The following solution doesn't have these problems. It produces short URLs like`http://tinyurl.com/KtLa2U`, using a random code of six digits or letters. If a long URL is already known, the existing short URL is used and no new entry is generated.

``````class Codec:
alphabet = string.ascii_letters + '0123456789'
def __init__ (self):
self.long2short = {}
self.short2long = {}

def encode(self, longUrl):
"""Encodes a URL to a shortened URL.

:type longUrl: str
:rtype: str
"""
while longUrl not in self.long2short:
# randromly generate a code
shortUrl = ''.join(random.choice(Codec.alphabet) for _ in range(6))
# check the existence
if shortUrl not in self.short2long:
self.long2short[longUrl] = shortUrl
self.short2long[shortUrl] = longUrl
return 'http://tinyurl.com/' + shortUrl

def decode(self, shortUrl):
"""Decodes a shortened URL to its original URL.

:type shortUrl: str
:rtype: str
"""
return self.short2long[shortUrl[-6:]]

# Your Codec object will be instantiated and called as such:
# codec = Codec()
# codec.decode(codec.encode(url))
``````

It's possible that a randomly generated code has already been generated before.
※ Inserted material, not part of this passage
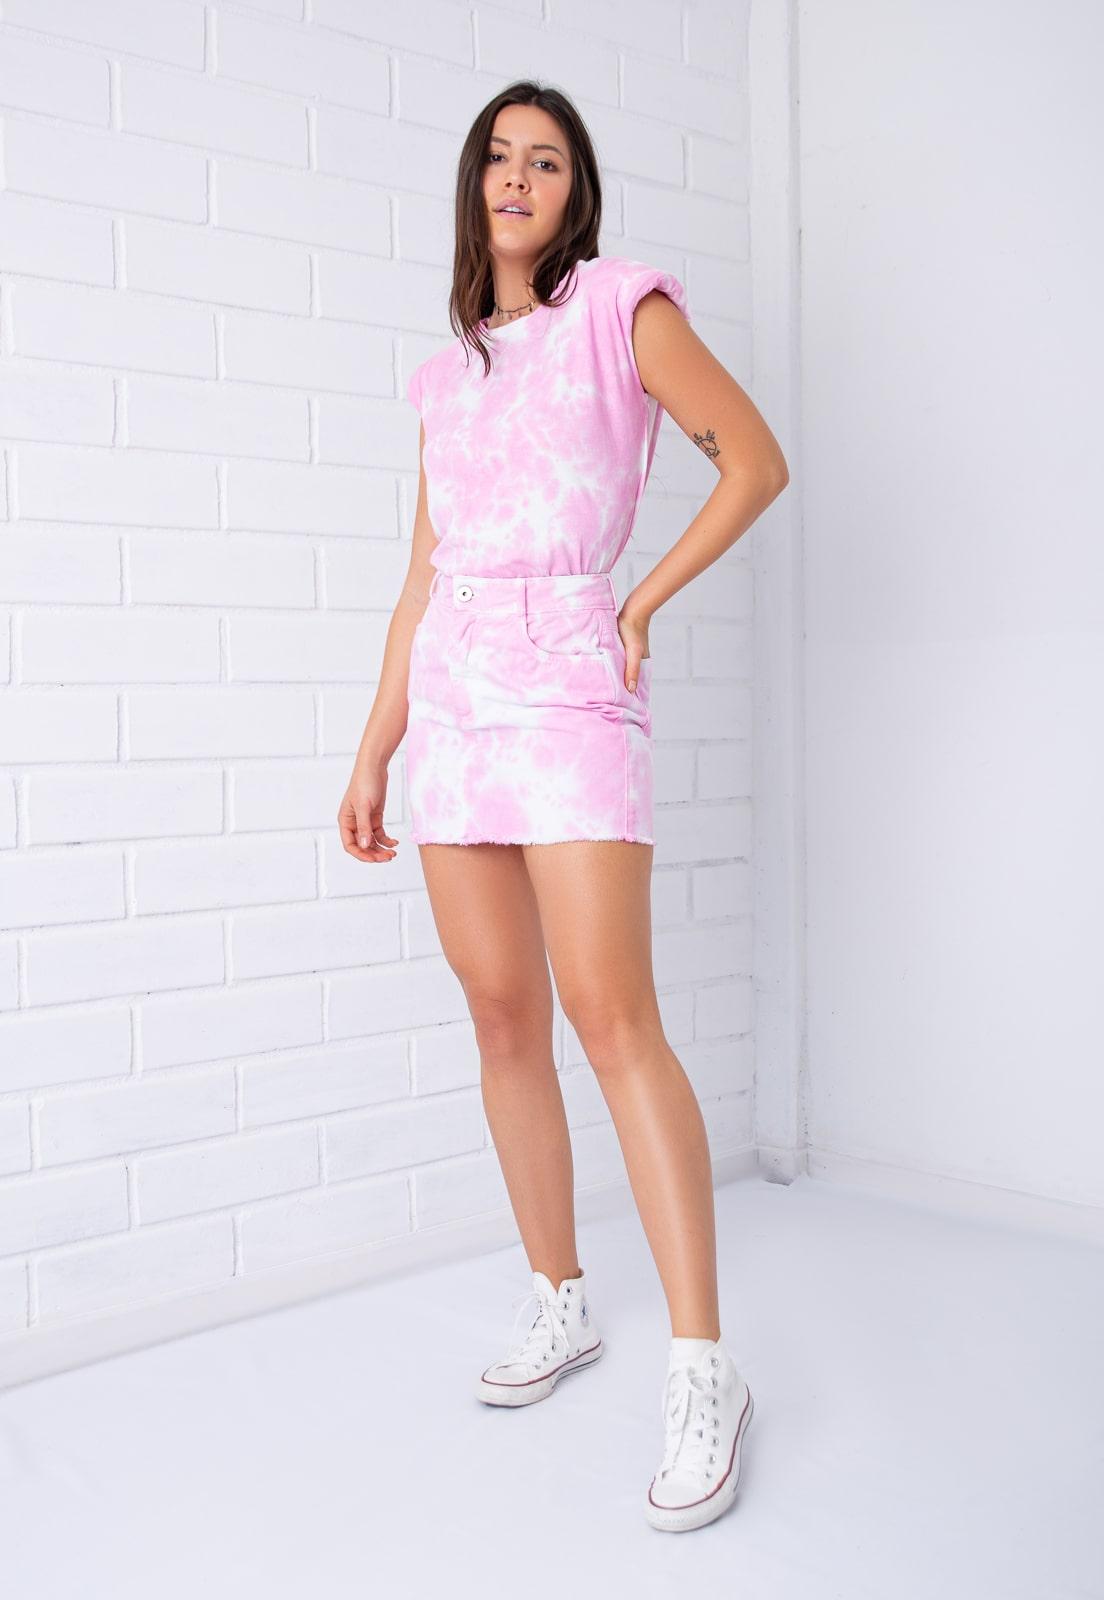 Blusa Regata Pkd  Muscle Tee Tie Dye Rosa

In that case, another random code is generated instead. Repeat until we have a code that's not already in use. How long can this take? Well, even if we get up to using half of the code space, which is a whopping 626/2 = 28,400,117,792 entries, then each code has a 50% chance of not having appeared yet. So the expected/average number of attempts is 2, and for example only one in a billion URLs takes more than 30 attempts. And if we ever get to an even larger number of entries and this does become a problem, then we can just use length 7. We'd need to anyway, as we'd be running out of available codes.